Honestly, both, but the selling is brutal. You’ve got more people involved, more opinions, more fear, more committees. If you get an idea they just can’t deny, you’re ahead. But even then you have to protect it. You fight for the integrity of the thing all the way through. Getting to the game with a great spot is a Herculean feat, and nobody watching at home sees that part.

YOU’VE WORKED WITH CELEBRITIES LIKE WILL FERRELL, MIKE MYERS, JIM GAFFIGAN AND CHARLIE SHEEN. DOES A GREAT SUPER BOWL SPOT NEED A CELEBRITY, AND WHAT’S THE REAL CREATIVE CHALLENGE WHEN YOU USE ONE?

A spot never needs a celebrity, but when you use one, it has to be earned.
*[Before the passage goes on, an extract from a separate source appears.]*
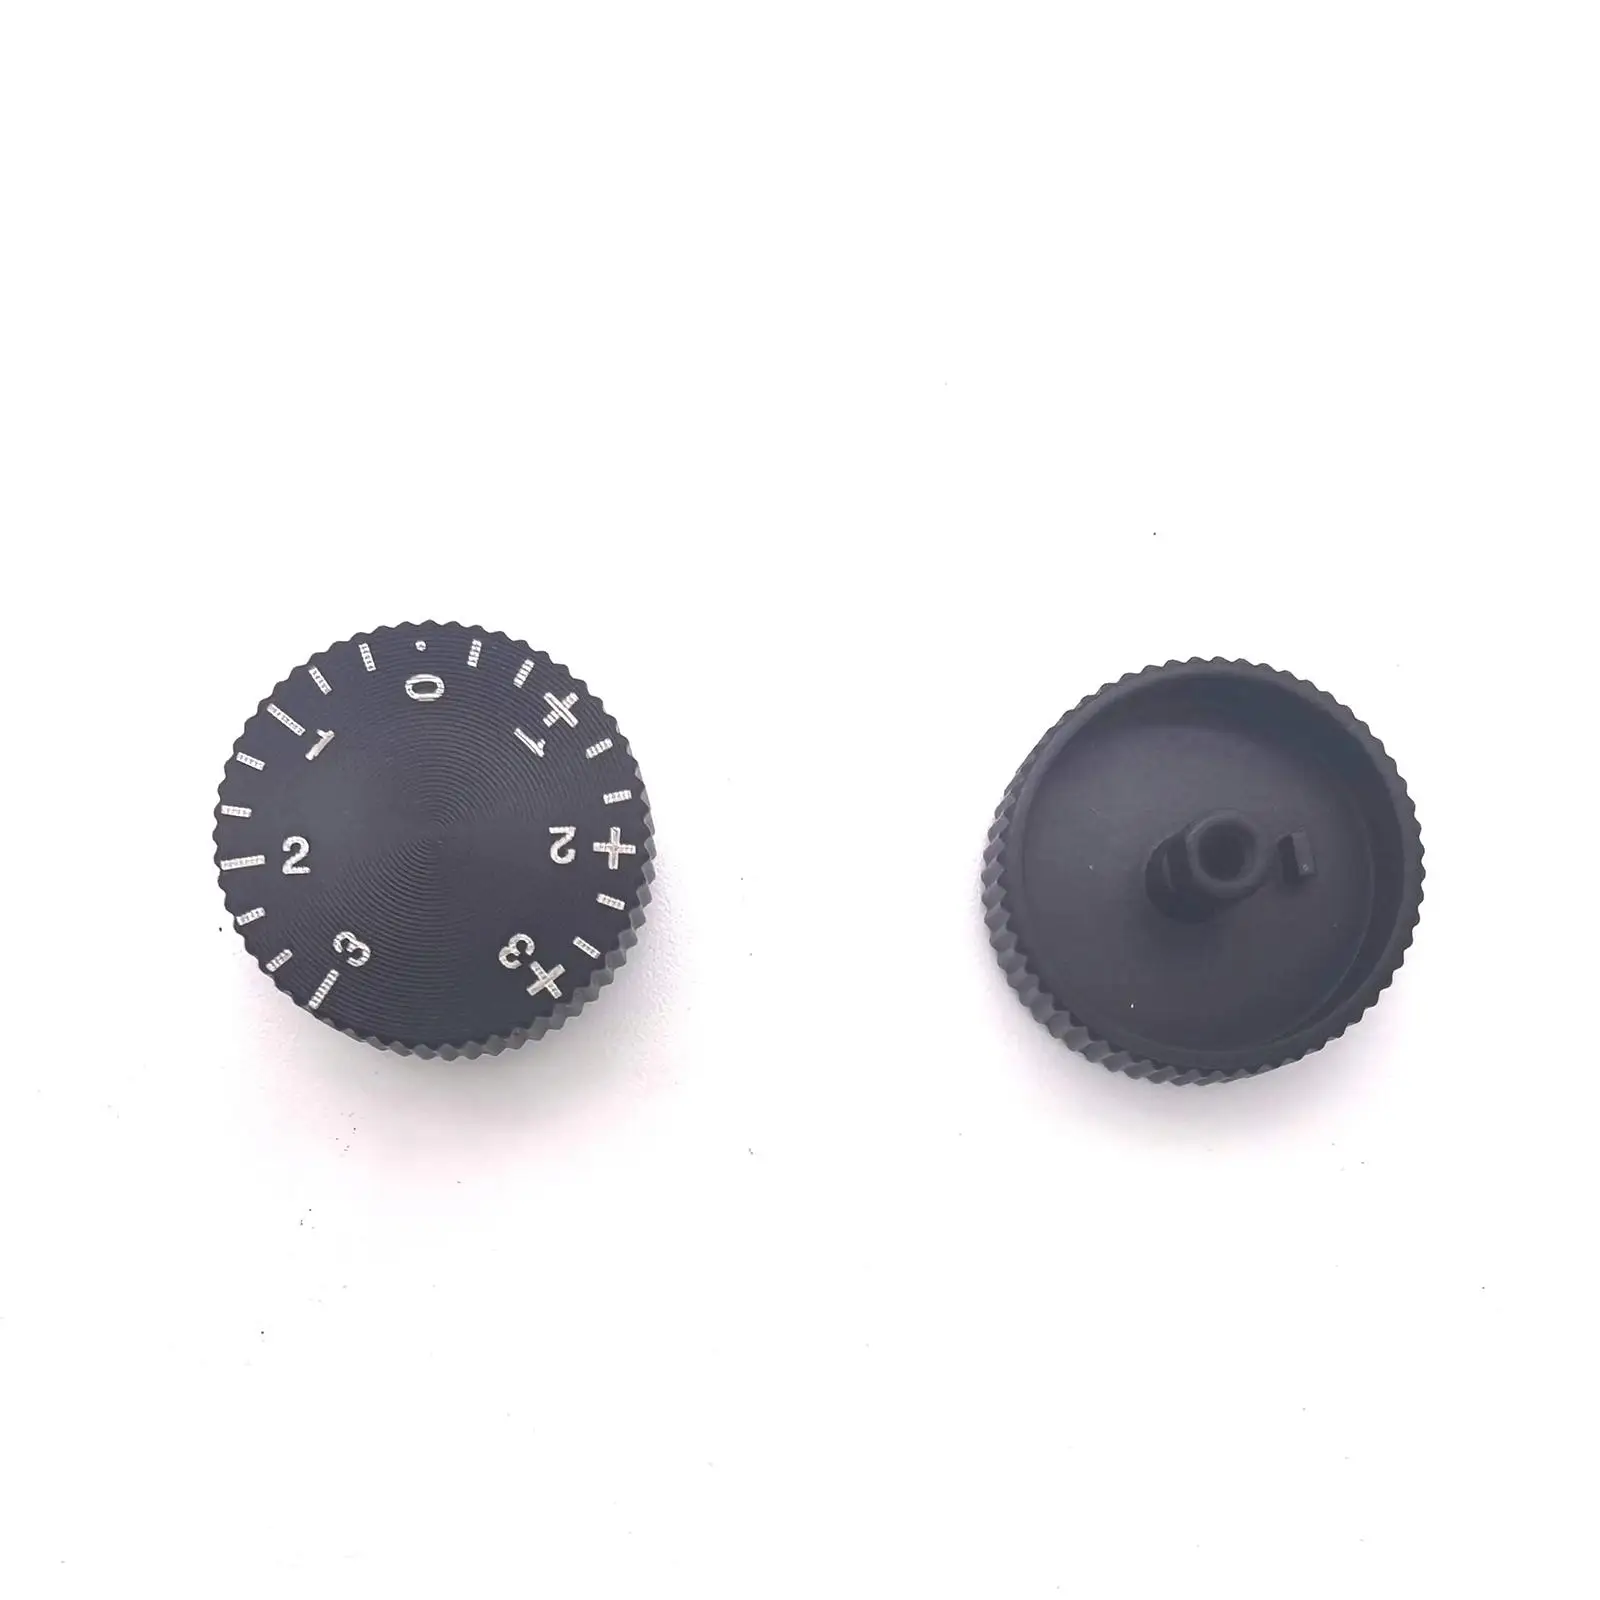 Durable Mode Dial Top Cover Black Nameplate Button Lid for A72 A7RM2 A7R2 Replaces

The mistake is dropping a famous face in just for attention. The celebrity has to make sense for the idea and the product. The real challenge is discipline. Some celebs naturally think in long sketches, not 60-second stories. You have to respect that while still making sure the brand, not the celebrity, is the hero.

THIS YEAR’S SUPER BOWL ADS ARE GOING FOR $8 MILLION FOR 30 SECONDS. IS IT WORTH IT? 
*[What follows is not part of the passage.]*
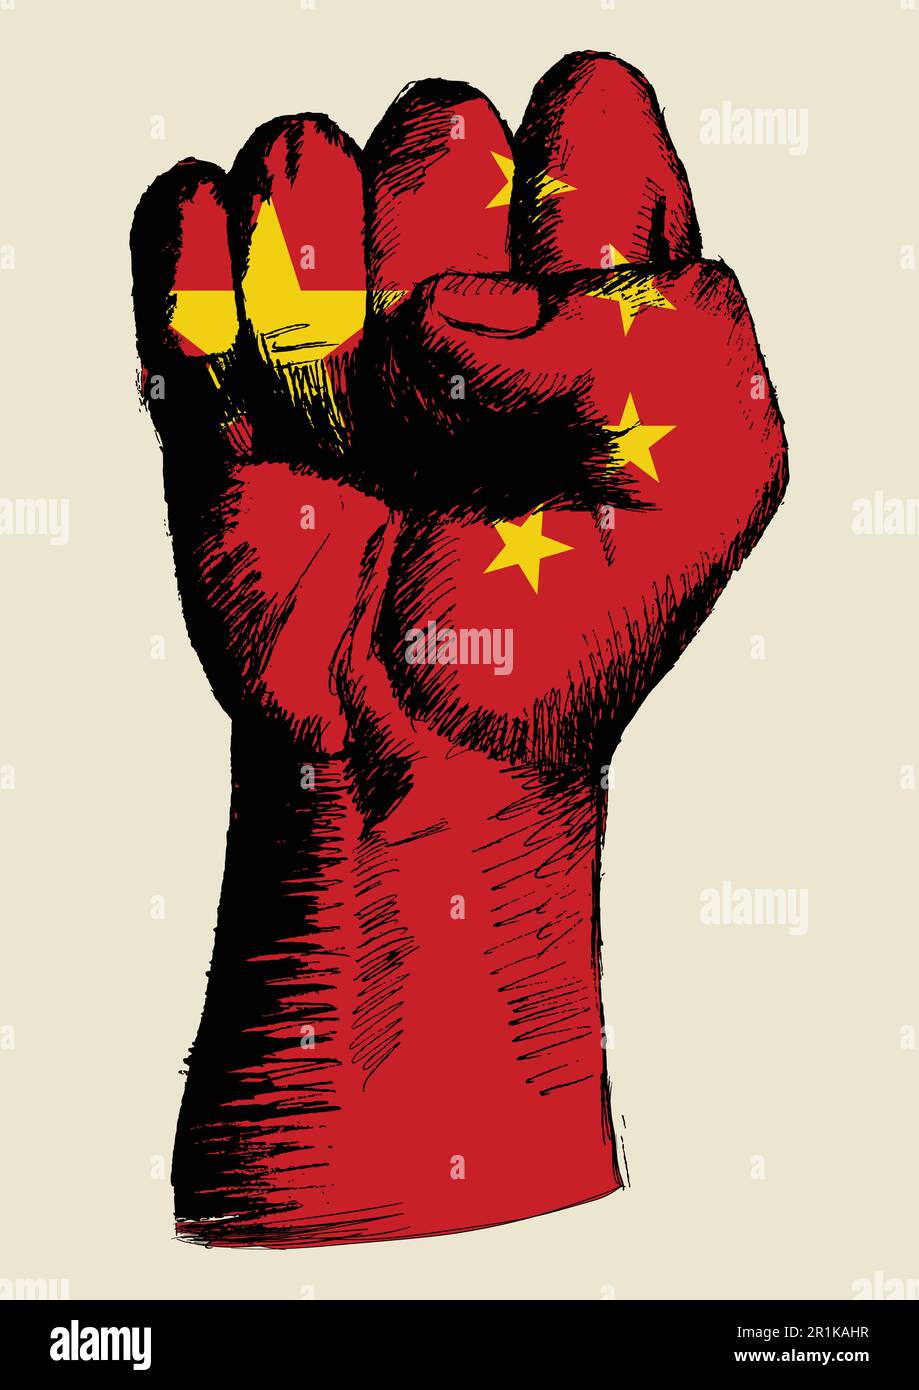 Sketch illustration of a fist with People's Republic of China insignia Stock Vector

It can be, but only if you treat it like a real business decision, not a vanity flex. You’re buying cultural attention at scale. That’s rare. But the work has to be impossible to ignore and it can’t end on Sunday night. If you’re not building a broader platform from it, you’re just lighting money on fire. 

WHAT ADVICE WOULD YOU GIVE A BRAND PREPARING FOR ITS FIRST SUPER BOWL AD?

Approach it like a marathon, because it is. Protect the idea. Don’t let the process sand it down into something safe and forgettable. And think beyond the ad. What can you activate? What can you extend? How does it live in culture, not just in media? The Super Bowl is an attention accelerator, and if you have a strong point of view and a big idea, it can create momentum that lasts all year.